It all started when my son was not even 2 years old. He had been expelled from daycare (daycare!) because he just couldn’t participate with the rest of the children and sit obediently during circle time. You can imagine how stressful it was trying to find alternate childcare while working full-time and being a single mom. You can also imagine how sad you feel as a parent knowing your child was rejected. I fought hard to keep him in the program but the Director wasn’t going to budge. Apparently my son was just too much for anyone to handle. How is it even possible that a daycare couldn’t manage a two year old?
After scrambling, I eventually found another daycare near my office but about 2 years later, my son was expelled again for the same reason but also because he was starting to display defiant behaviors (ex: running out of classrooms when he was asked to participate in group activities, refusing teachers’ instructions, etc).
Teachers and program directors would call me several times a week, while I was at work, complaining that my son wasn’t listening or cooperating. On many occasions, I would have to go in during work hours for parent meetings to discuss the behaviors. Over time, because they could not handle the defiance, they would issue suspensions and because I had no other family member or childcare option, I had to take days off from work to be with him.
This cycle repeated itself in pre-K, kindergarten and even afterschool programs. The stress started to build – of hearing people constantly complain about my child, of having to make up excuses in order to leave work early or stay home for suspensions and not jeopardize my job, of having to wonder what’s wrong with my child or what’s wrong with me that my child is behaving this way. To make matters worse, I had very little support because my family lived very far away. I wasn’t making a lot of money so I didn’t have the luxury of hiring a babysitter or taking time for myself to deal with the stresses. As if all that weren’t enough, my son’s father was not pleasant or helpful at all and often accused my parenting style as contributing to the issues (this was also the beginning of me starting to internalize that I wasn’t a good parent/mom). At the time, I had no idea what was wrong with my son.

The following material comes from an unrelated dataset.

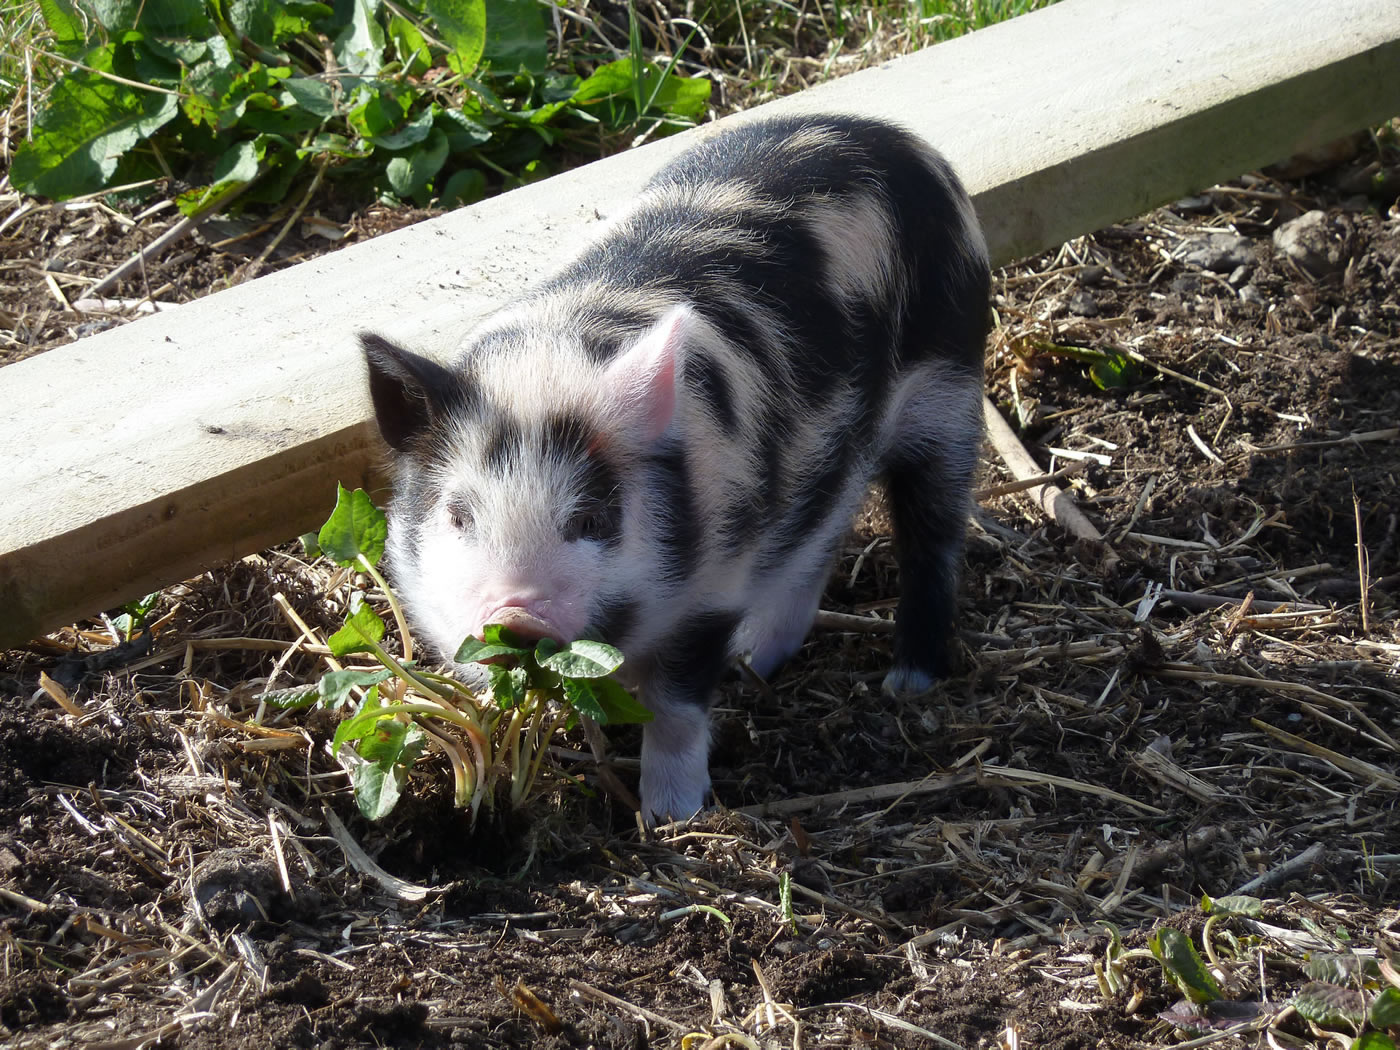 Picture of our pet pig smelling plants to see if they smell edible.

So this was basically our lives for the first five years – frustrating, upsetting, lonely, unsettled, stressful. If what I described sounds similar to what you are experiencing with your own child or family member, perhaps he/she has oppositional defiant disorder (ODD). It’s OK. Don’t do what I did – get upset, frustrated or stressed. Take it one day at a time. Observe your child or family member and take notes of the behaviors. Be kind to him/her and to yourself. Constantly remind him/her and especially yourself that you’re both doing the best that you can. That’s all you can expect at this moment.
In upcoming posts, I will provide strategies for navigating the medical and education systems so that you can find the best support for your child or family member. For now, hang in and remember that You’re Not A Bad Parent.